===== DATA RECORDS
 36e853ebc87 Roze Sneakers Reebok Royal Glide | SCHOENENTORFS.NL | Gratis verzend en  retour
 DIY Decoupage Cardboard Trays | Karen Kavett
==========
===== DATA RECORDS
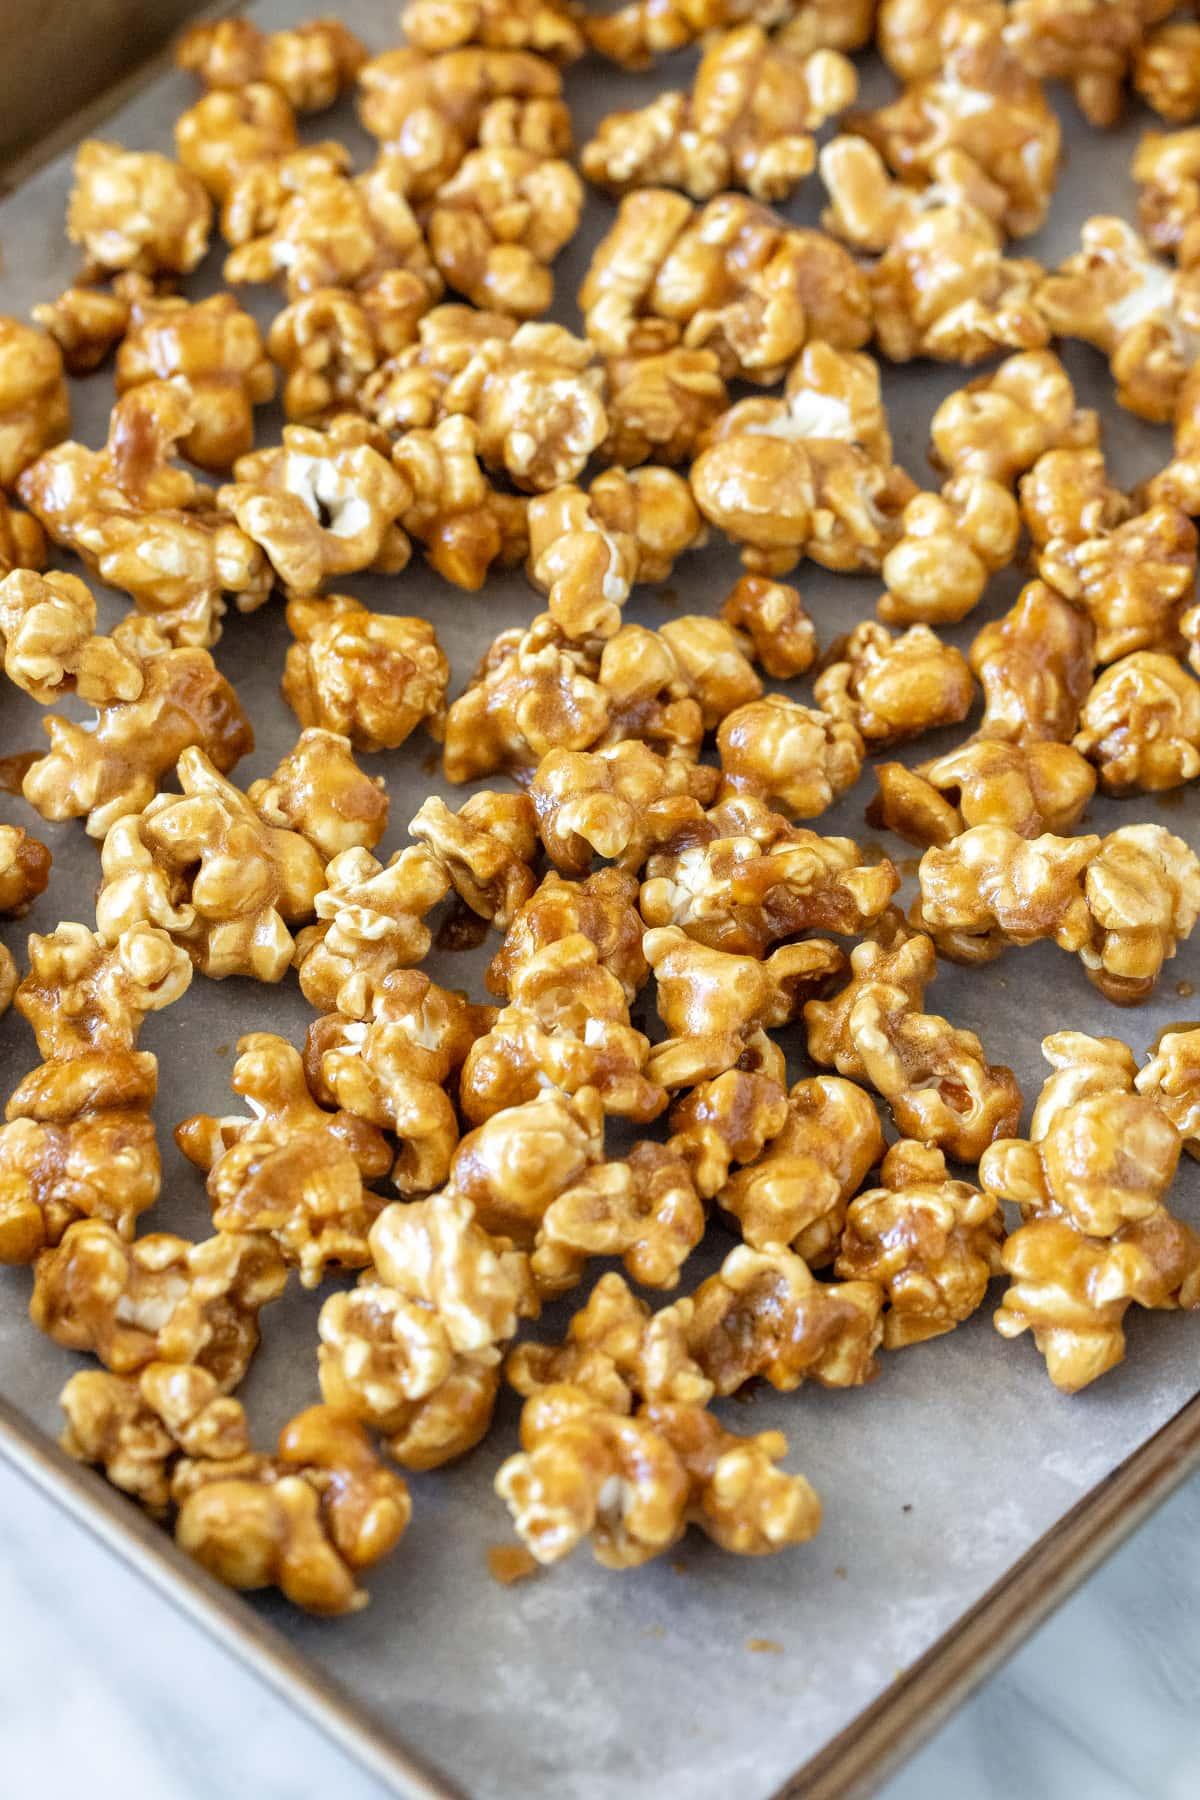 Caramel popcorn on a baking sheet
==========
**PROBLEM STATEMENT**
Only one stretch of the entries above is wanted: the lines from the one containing "36e853ebc87 Roze Sneakers" through the one containing "DIY Decoupage Cardboard Trays | Karen Kavett". Please reproduce it exactly.

**OUTPUT OF THE EXERCISE**
 36e853ebc87 Roze Sneakers Reebok Royal Glide | SCHOENENTORFS.NL | Gratis verzend en  retour
 DIY Decoupage Cardboard Trays | Karen Kavett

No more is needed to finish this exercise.